I walked each night. The music hall on campus made picking a destination easy. You always loved music. I assumed you did, anyway. You always loved those places you could practice. The ones with soundproof walls and doors. The ones you could make mistakes in.
Any hardships you leaned on me for. The classes and the study sessions, the food, the cleaning, the organizing. At the far end of the days, I set up all the times just so we could be in the piano rooms. The ones without mistakes. You’d dart past the doors so fast, so no one could see you; not even if a minuscule peep faded through the doors. I met you each night on the steps outside the building. You’d emerge from darkness, and I always waited under the street lamps.
I could hear the grand in the hall down the way. The one without mistakes in mastery, not in the safety of soundproof glass. Sometimes I played on that piano, besides the ones in the practice rooms. I had to have a special day for that to happen. A day with a win. Most nights didn’t have one.
You’d come home with me after practice. You’d get bored eventually. There is only so much dauntless singing one can do before the courageous high of getting there falls away. There you’re just a soul in a white walled cage with a scratchy voice and confidence only gained in satisfaction. We’d go back to the apartment, to the dark room, to shadows.
By the time of February, I had scarcely went to practice at the music hall. I did not continue my efforts of mastery on the grand, nor did your courage last very long in the practice rooms. You’d play the keys for a few minutes and tell me, “what’s the point?”
I had been in the dining hall one night, rather than the music halls. Sitting in shadow. Rain pelted the window.

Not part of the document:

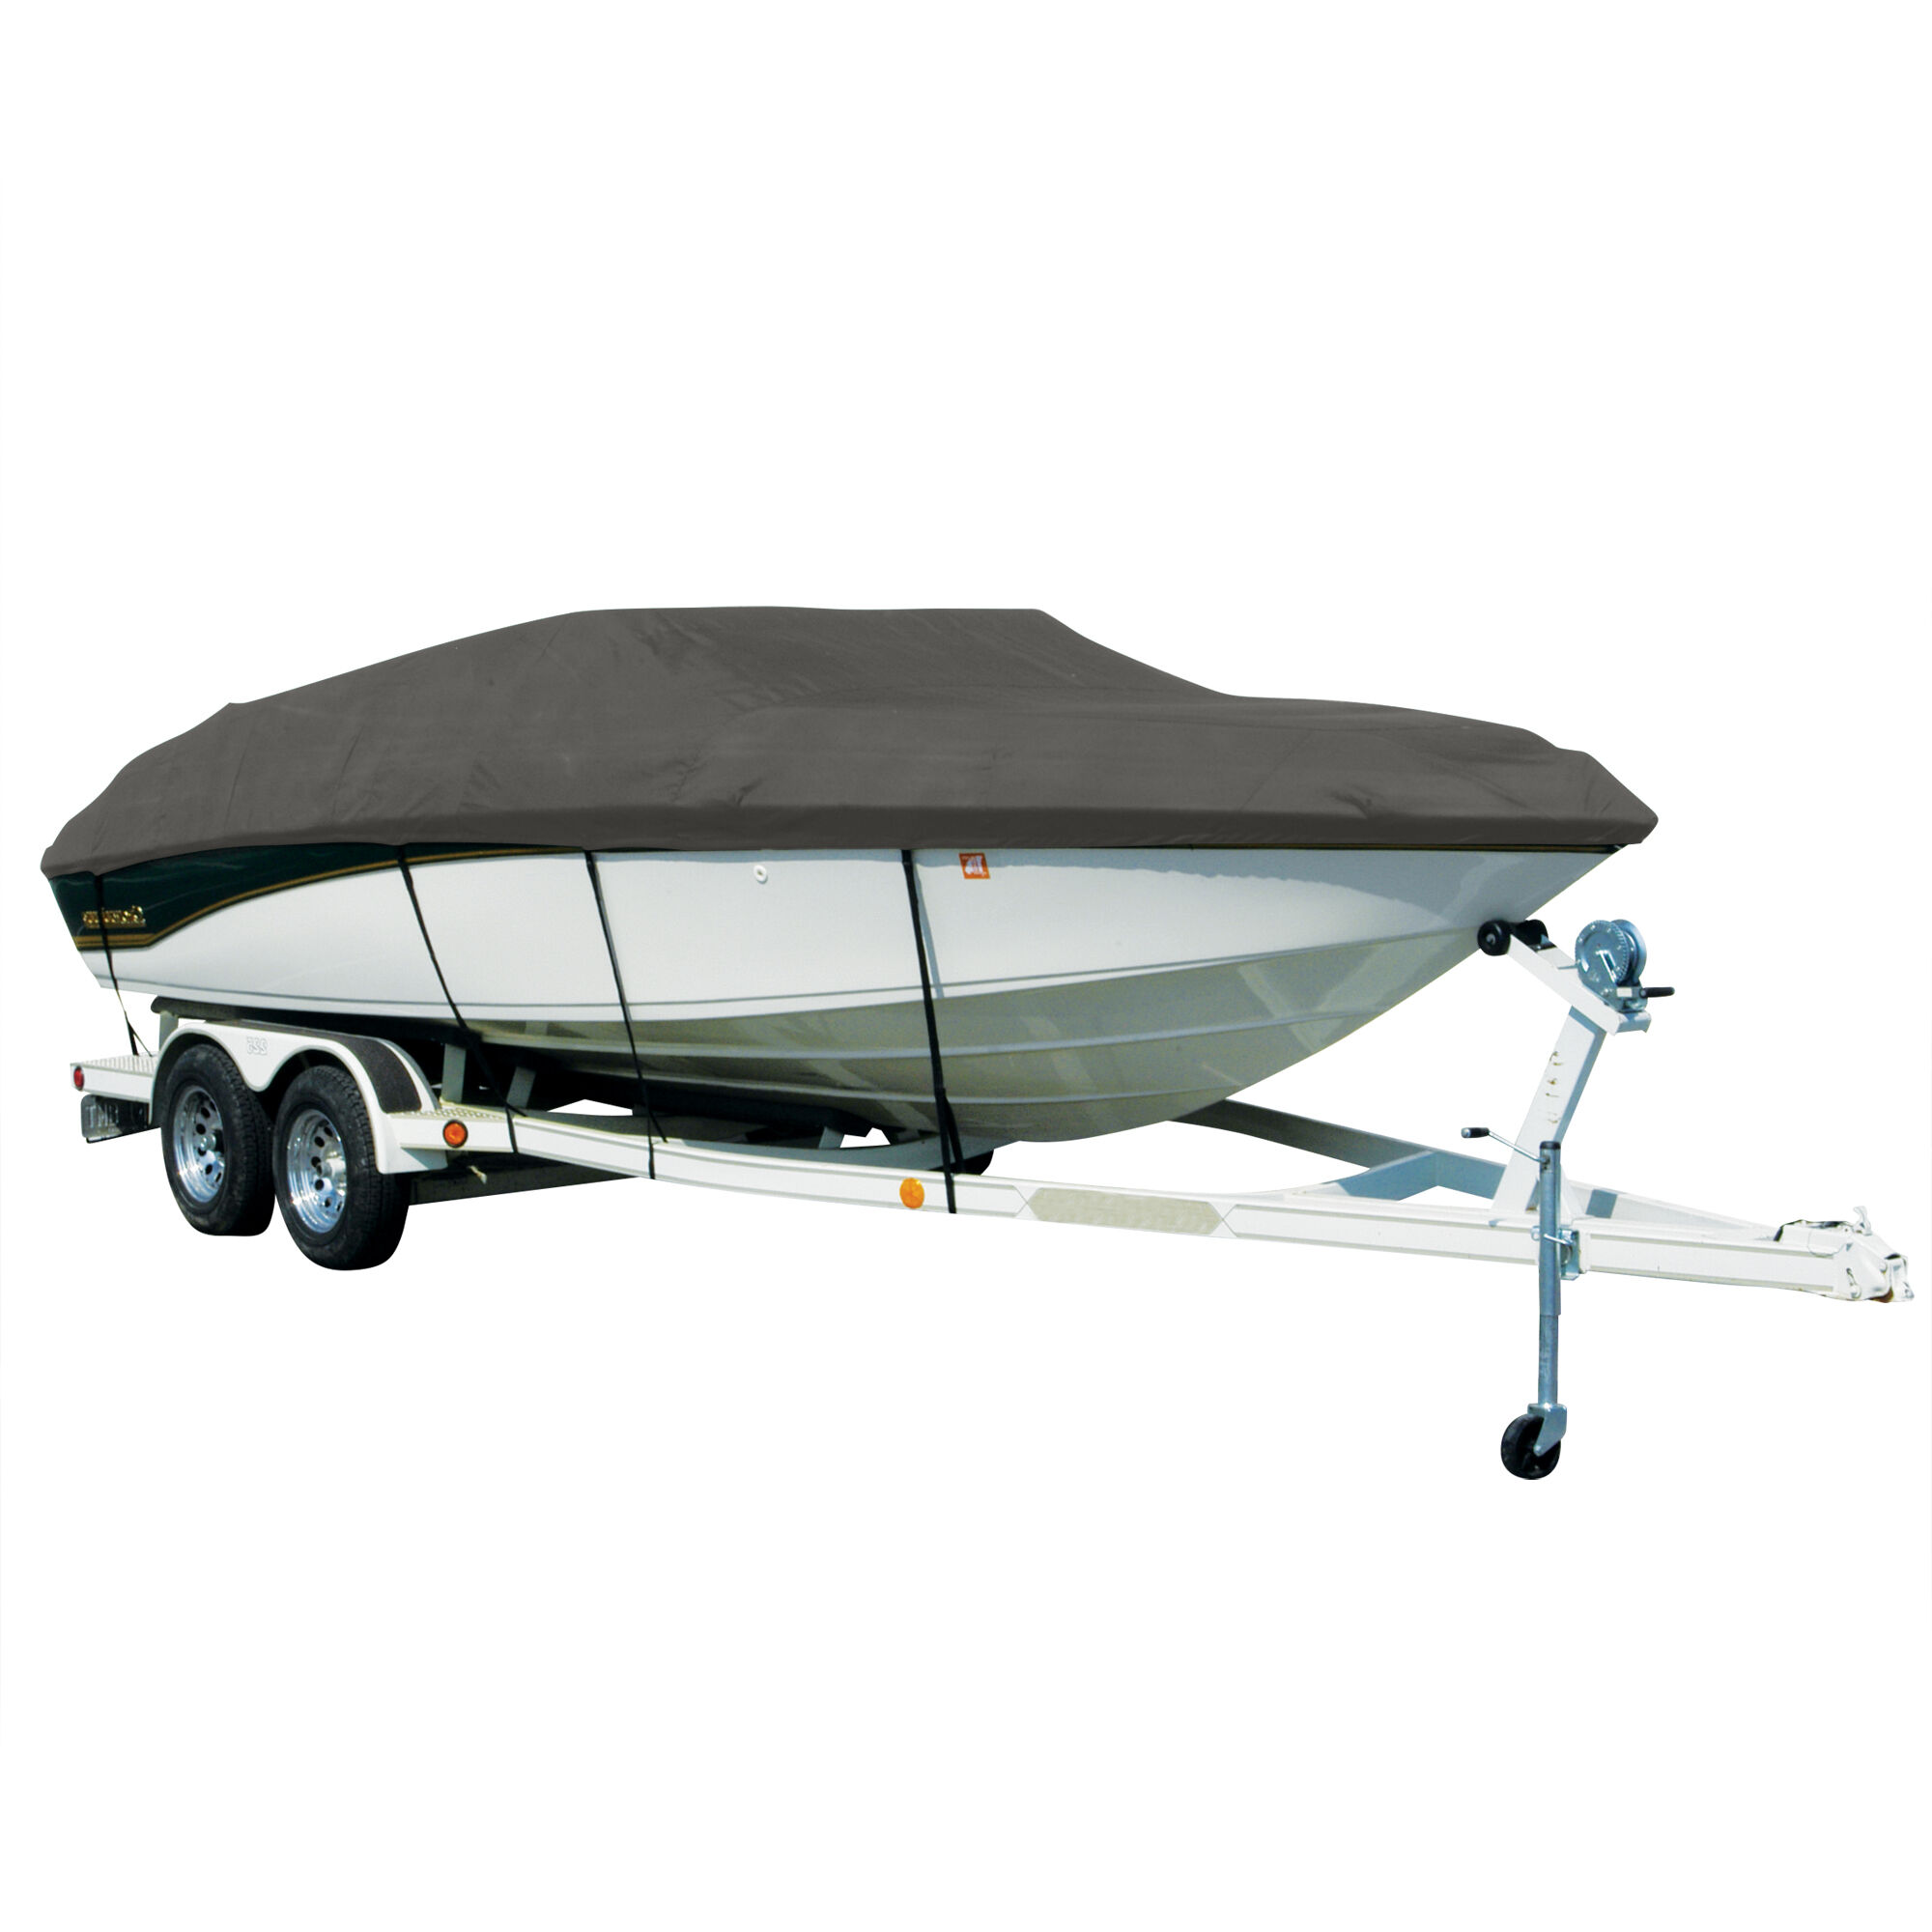 Covermate Exact Fit Sharkskin Boat Cover For Hydra Sport Dv 200 Ff Port Troll MOTOR in Charcoal

“Oh, do you need a seat?” She saw I was drawing at a seat in the dark. Above hers, a light.
“I’m just doodling.” I said. “Enjoying the rain.”
She gestured to the chair on the other side of the table. We sat down with her.
“So you two live around here?”
I must have misheard.
“Yes. I live in the apartments. I used to live in the dorms the dining hall is built into.”
She gestured to me a second time. Not hallucinating.
My voice took on a dark sorrow. “I live here.” And I patted my head.
“And here.” I patted my thigh.
“I see. You’re really riddled with it then, huh?”
The light above her seat stayed firm, but I swore as more people finished their meals around us, they faded out of the dining hall and shadow made space for nothing else. I wouldn’t let myself ruin this. I began to tell her of my proficiency.
“I practice — well, sort of practice at the music halls.”
“And does it help?”
“You know, when its sunny and shining there are cicadas on the trees and in the grass.” She said. “I used to think their sound was the sun shining.”
“I did too, as a kid.” I remembered staring up from my swimming pool into the leaves above, the sunbeams shining through with their deafening chitters.
“I used to shuck corn cobs outside when we visited our relatives at the Cape.”
“I did that too. We had bags full.”
‘I used to… huh.” The shadow did not appear to be in a position of her liking. “We’ve really got it bad.” Her light flickered, just a bit.
I walked home from the dining hall back to the apartment to rest. But on the way out, I figured I’d visit an old place of mine that swirls in the memory in deafening waves. A small sunflower garden, where ghosts and phantoms of my past swim round and round. The two were there.
“What’s the point, we can just go sleep. We can be free for just a little while.”
I started, “do you remember this garden, with its tall stalky sunflowers in the warm weather? We tried to draw them once, do you remember? We would put cuts of them in our apartment room to liven the place. I can’t believe how far away it feels.”
“We don’t deserve to be here.”
“We can make new memories here, we just have to —“
“Shut the fuck up, Hope.” I said aloud. The light flickered out. I imagined playing on the grand in the music halls. I couldn’t sit here in this garden and feel nothing. Tears fell. My slumped shoulders pointing forward, I shuffled to my apartment. I turned off the desk lamp. And let another night pass by.
When I woke up to the blinds drawn. I got up to brush my teeth. In the mirror I saw myself then, “Today, today will be different. This month will be different.”
My reflection talked back, “You’ll never succeed, you don’t deserve to be here.”
I smiled then and let out a small laugh.
“You need me more than I need you.”
I walked out my door with a backpack and slowly Hope’s light came back on. When every night felt like a rock bottom, every morning felt like swimming to the surface. I can only choose to make choices in the right direction.